Трубка со стуком опустилась на аппарат.
– Кто звонил?
Невеста появилась в дверном проеме с банкой оливок.
– В турсекции занимались… – проговорил брюнет в джинсе.
– А он…
– Нет, не придет, – с раздражением перебил брюнет.
На стене висела фотография: брюнет в джинсе и Арсений с рюкзаками на горе. Смеются. Машут фотографу руками. Счастливые и беззаботные.
Невеста открыла дверцу шкафа.
Брюнет хмуро смотрел в спину будущей жене.

 

Здание вокзала. Родион подошел к кассе. После двух проведенных на вокзале ночей смотрелся он совсем не празднично.

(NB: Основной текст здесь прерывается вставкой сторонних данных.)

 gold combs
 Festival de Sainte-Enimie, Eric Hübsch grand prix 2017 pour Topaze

– Ничего не появилось? – спросил он.
Его знали.
– Нет, – в очередной раз ответили Родиону.
Родион, вздохнув, ушел.
К кассе подошел Прохор.
– По-прежнему ничего? – спросил он.
– Ничего, – услышал в ответ.
– Ни одного отказного?
– Ни единого.
– Не везет…
– Перед каникулами всегда с билетами проблема.
Прохор кивнул и пошел прочь.
Выйдя из здания вокзала, Прохор огляделся. Рядом располагалась маленькая привокзальная круглосуточная забегаловка. Туда Прохор и взял курс.

 

Помещение освещалось фонариками – с претензией на интимность. За каждым столом ровно по одному человеку. В дальнем углу угрюмо подкреплялся Родион.

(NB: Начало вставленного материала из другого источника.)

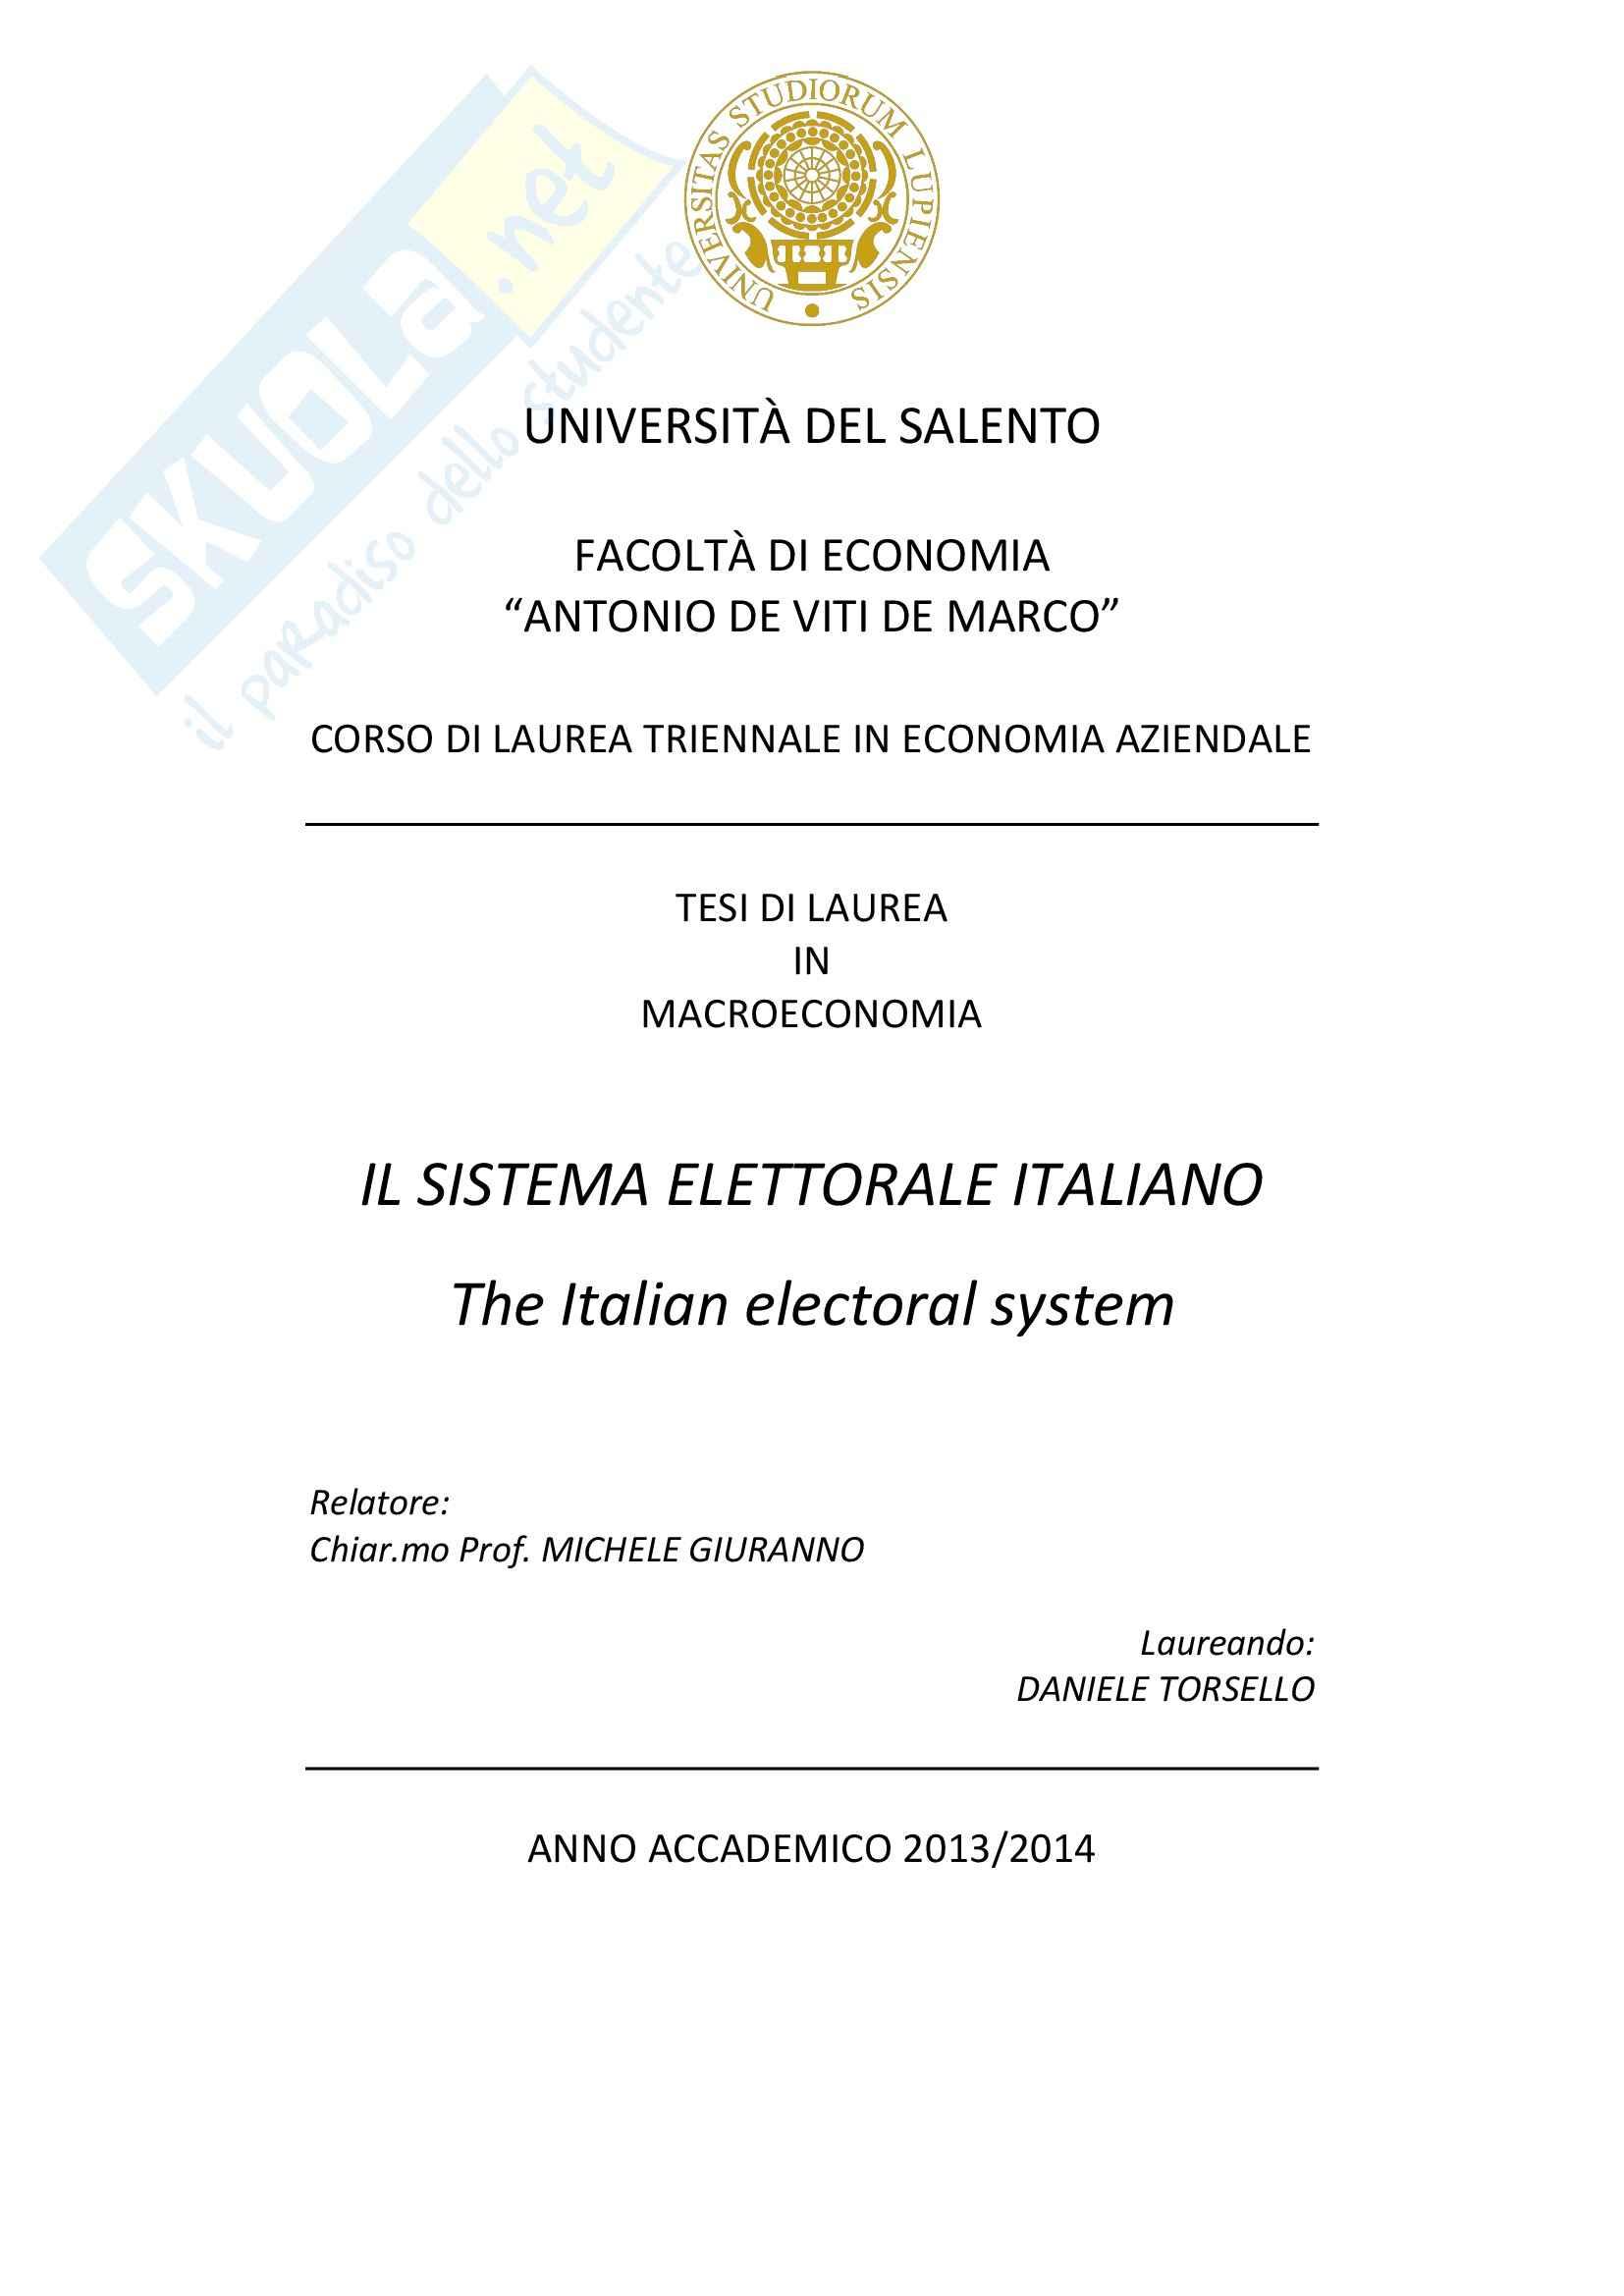 Sistema elettorale italiano

Прохор подошел к стойке, деловито изучил меню.
– Будьте добры! – окликнул он девушку за стойкой. – Гамбургер. Два давайте. Нет. Три. Картошку. Большую. Кофе. Со сливками. – Сделав заказ, Прохор взволнованно сглотнул и полез в карман за деньгами. – Невесело, должно быть, работать тридцать первого декабря? – предположил он, глядя на девушку.

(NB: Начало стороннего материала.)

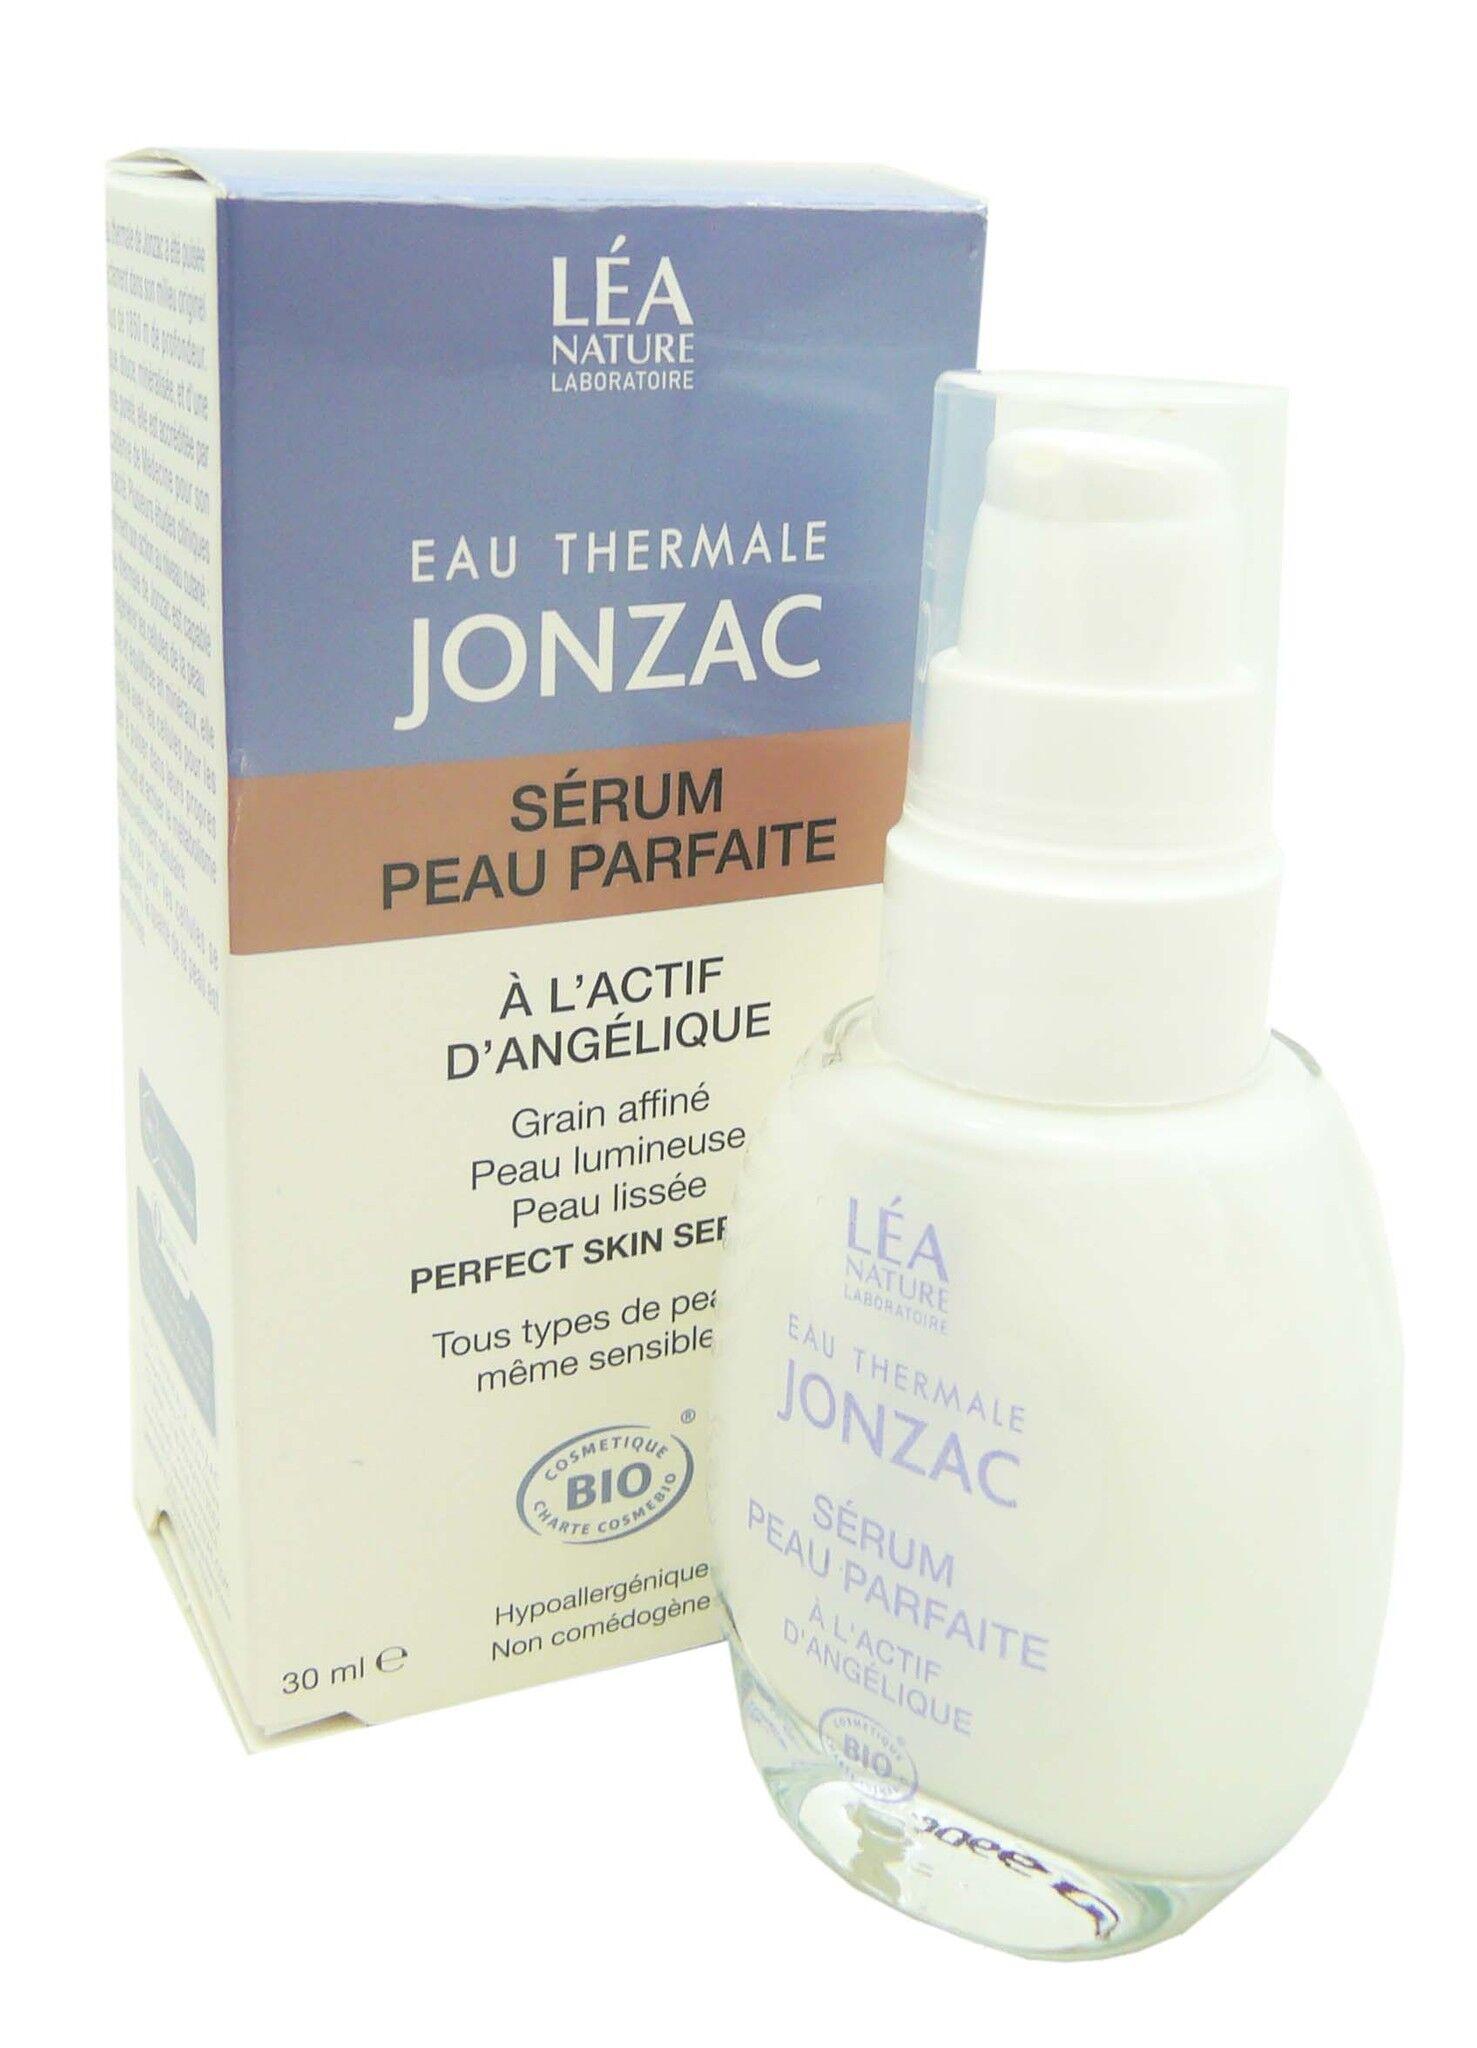 Jonzac serum peau parfaite 30ml

– Веселого мало, – угрюмо кивнула она.
Вошел Арсений. Минуя Прохора, приблизился к одному из жующих.
– Прошу прощения… Трудный момент. Деньгами не поможете?
– Вкалывать бы шел! – посоветовал посетитель забегаловки, но, достав деньги, одну купюру протянул Арсению.
– От души благодарен, счастливого вам Нового года! – сказал Арсений и двинулся далее. – Извините, что тревожу, – заговорил он, подойдя ко второму едоку. – Внезапно свалившаяся неприятность. Нужно уехать. Выручите?
Второй едок положил перед Арсением деньги.
– Благодарю… Прошу извинить, трудное положение… – начал он, обращаясь к Родиону.
– Постыдился бы, – перебил его Родион.
– А что тут стыдного? Все стыдят тех, кто просит, будто сами сроду ни у кого ничего не просили. А ведь в просьбе ничего позорного нет. Это кто украдет, тот себя уважать не может. А обратиться с просьбой о помощи, когда она нужна…
– Чего-чего? – с раздражением снова перебил Родион.
– Я сказал, что легче легкого стянуть у кого-нибудь бумажник, но как жить, зная, что ты хуже всех на свете?
Родион закашлялся. Арсений постучал ему по спине. Родион кивком поблагодарил.
– Ты что, серьезно? – откашлявшись, спросил Родион. – Ты и вправду считаешь, что ходить и просить – это хорошо? А украсть – плохо?
– Попросить нелегко, но это не стыдно.
– Ты попросту стянуть трусишь – рискнуть боишься!
– Влезть в чужой карман… Мне б потом своя рука была мерзкой! Я бы из нее жрать не смог.
Родион поглядел на свою руку, державшую большой сэндвич, и сказал:
– Просить, извиняйте, не приучены.
– Вы запутались, – отвечал Арсений, – такое случается.
– Чеши, надоел! – угрожающе вскрикнул Родион.
– Желаю разувериться в своем убеждении, – сказал в ответ Арсений и повернулся, чтоб уже уйти, но Родион его окликнул:
– Постой!
Арсений остановился.
Родион извлек из кармана кошелек (Прохора), начал его расстегивать, но как-то не там, где нужно. Принялся искать, запутался, разволновался. Когда расстегнул, влез не в то отделение. Открыл другой карман, неловко повернул, со звоном посыпались монеты. Арсению, перед которым ежедневно, на протяжении восьми часов, люди доставали и раскрывали кошельки и бумажники, догадаться обо всем труда не составляло.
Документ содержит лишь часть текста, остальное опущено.